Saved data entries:
'''
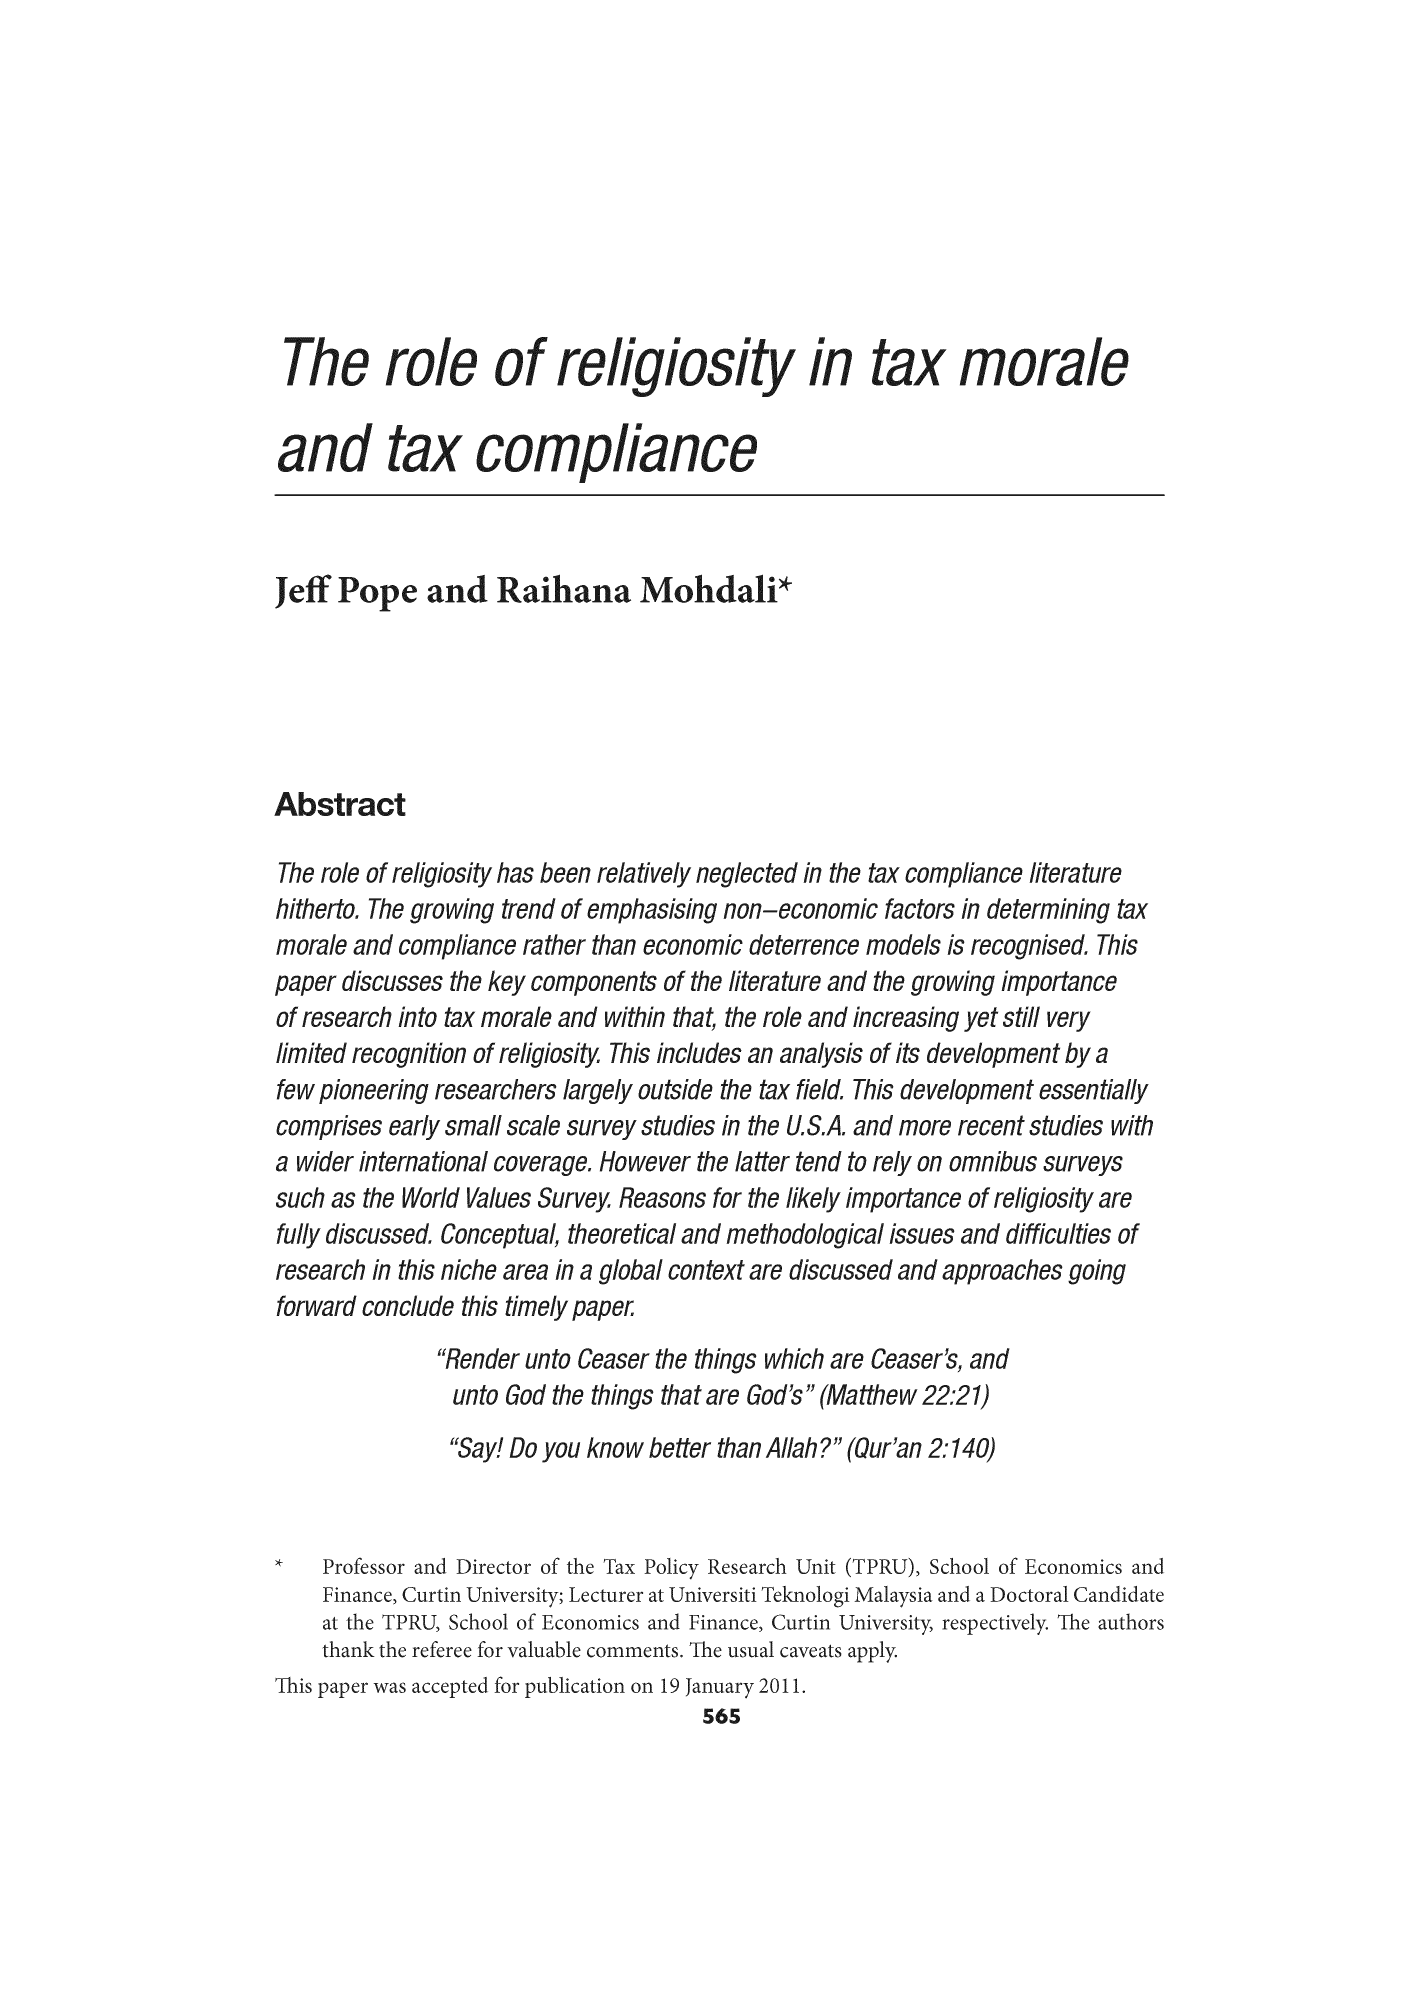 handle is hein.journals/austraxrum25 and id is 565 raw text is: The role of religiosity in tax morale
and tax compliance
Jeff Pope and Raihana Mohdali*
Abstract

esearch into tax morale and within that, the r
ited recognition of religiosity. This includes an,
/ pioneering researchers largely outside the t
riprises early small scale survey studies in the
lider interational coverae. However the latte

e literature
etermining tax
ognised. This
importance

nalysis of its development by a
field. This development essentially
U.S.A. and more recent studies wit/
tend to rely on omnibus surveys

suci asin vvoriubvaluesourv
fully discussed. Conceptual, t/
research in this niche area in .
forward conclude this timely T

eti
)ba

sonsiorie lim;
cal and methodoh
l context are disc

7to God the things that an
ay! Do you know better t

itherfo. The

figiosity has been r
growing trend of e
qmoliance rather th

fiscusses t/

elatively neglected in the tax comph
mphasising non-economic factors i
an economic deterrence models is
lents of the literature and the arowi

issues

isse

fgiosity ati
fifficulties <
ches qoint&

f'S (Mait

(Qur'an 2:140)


'''
▸ What you need to do: How many lines of the entries contain "that"? Answer with a number alone.

▸ Your solution: 2